В последнее время мне стало отказывать чувство юмора. Сэм пожал плечами и вставил кассету в обшарпанный магнитофон.
Согласно распечаткам разговоров, в девятом часу вечера Эндрюс заказал себе лазанью с копченым лососем, соусом песто и сушеными помидорами.
— Господи, — пробормотал я, поморщившись.
Сэм рассмеялся.
— Мы едим самые изысканные блюда.
В восемь двадцать три он позвонил своему зятю и договорился о партии в гольф в воскресенье. Оба немилосердно острили. В восемь сорок одну он снова позвонил в ресторан и наорал на приемщика заказов, потому что еду еще не привезли. В голосе уже слышались пьяные нотки. Затем последовала долгая пауза — очевидно, «адскую лазанью» доставили по назначению.
В начале первого Эндрюс позвонил по лондонскому номеру бывшей жене. Он был в сентиментальном настроении и хотел выяснить отношения. «Долорес, самая большая ошибка в моей жизни, что я позволил тебе уйти, — мямлил он со слезами в голосе. — Или я поступил правильно? Ты хорошая женщина, лучше, чем я заслуживаю. В сто раз лучше, нет, в тысячу раз. Разве я не прав, Долорес? Как ты думаешь, я поступил правильно?»

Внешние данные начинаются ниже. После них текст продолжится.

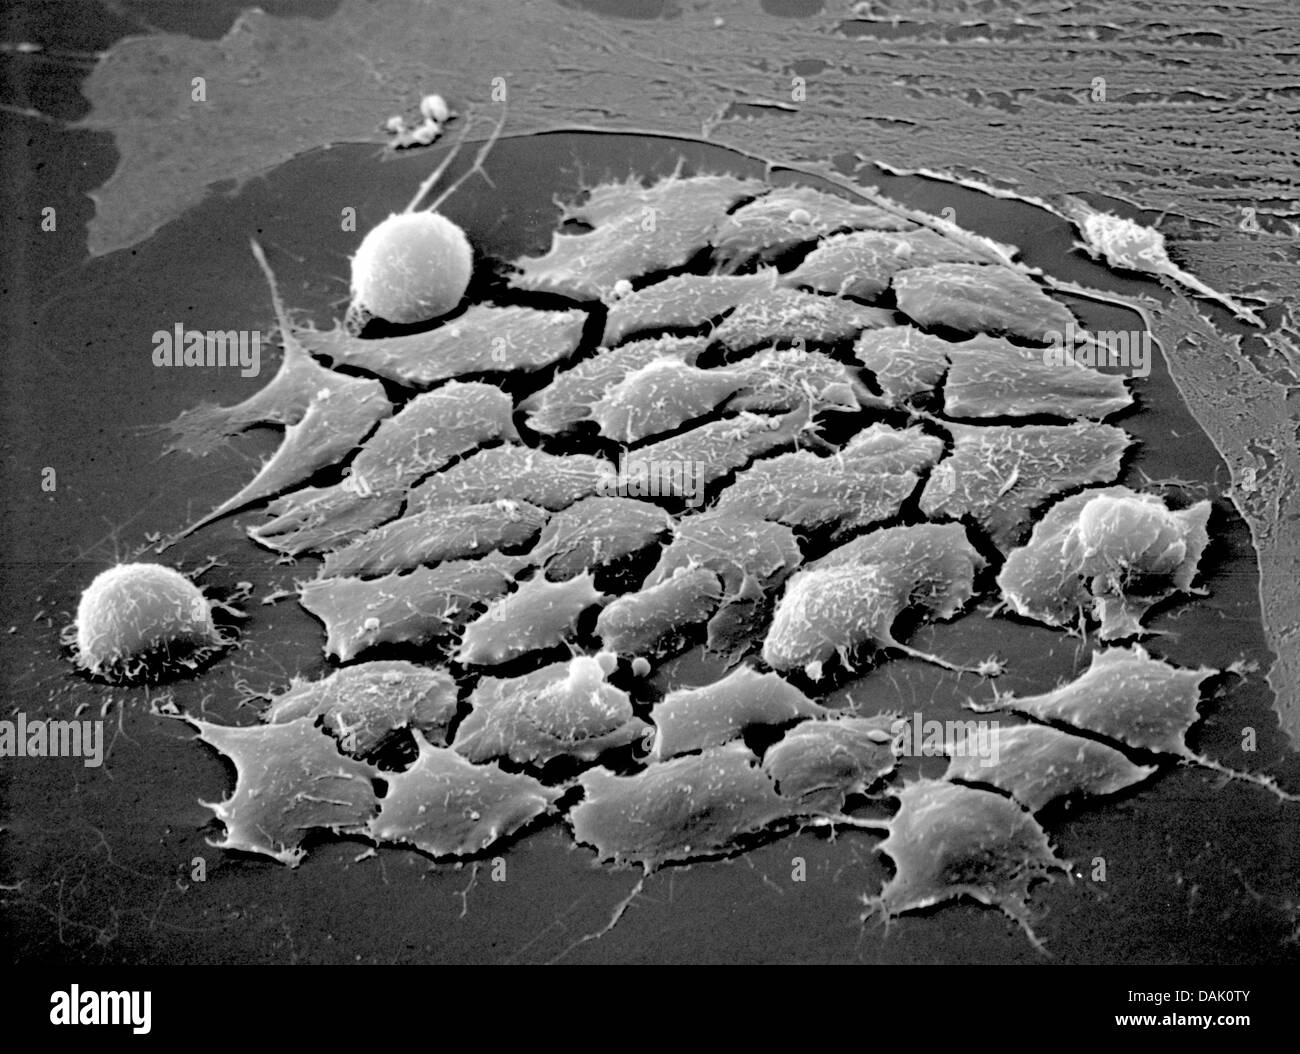 - Un documento sin fecha microscopio electrónico Folleto imagen del Instituto Max Planck de Biomedicina Molecular muestra células madre embrionarias de ratón en Muenster, Alemania. Numerosos científicos en el instituto de la Universidad de Münster están involucradas en la investigación con células madre. Foto: Mpi Muenster Foto de stock

«Не знаю, Терри, — устало отвечала Долорес. — Ты сам мне скажи». Она была чем-то занята в кухне — мыла тарелки или убирала со стола. Я слышал, как позвякивает посуда. Когда Эндрюс начал рыдать в голос, она повесила трубку. Через пару минут он перезвонил и рявкнул; «Не смей вешать трубку, сучка, ты меня слышишь? Я с тобой разберусь», — и оборвал связь.
— Любезный парень, — прокомментировал я.
— Дерьмо, — пробормотал Сэм. Он сидел, откинувшись на стуле, и протирал ладонями лицо. — Полное дерьмо. Осталась еще неделя. Что мне делать, если все закончится пиццей и разбитым сердцем?
В записи опять раздался щелчок. «Да?» — произнес глубокий мужской голос.
— Кто это? — спросил я.
— Незарегистрированный мобильный номер, — ответил Сэм. — Без четверти два.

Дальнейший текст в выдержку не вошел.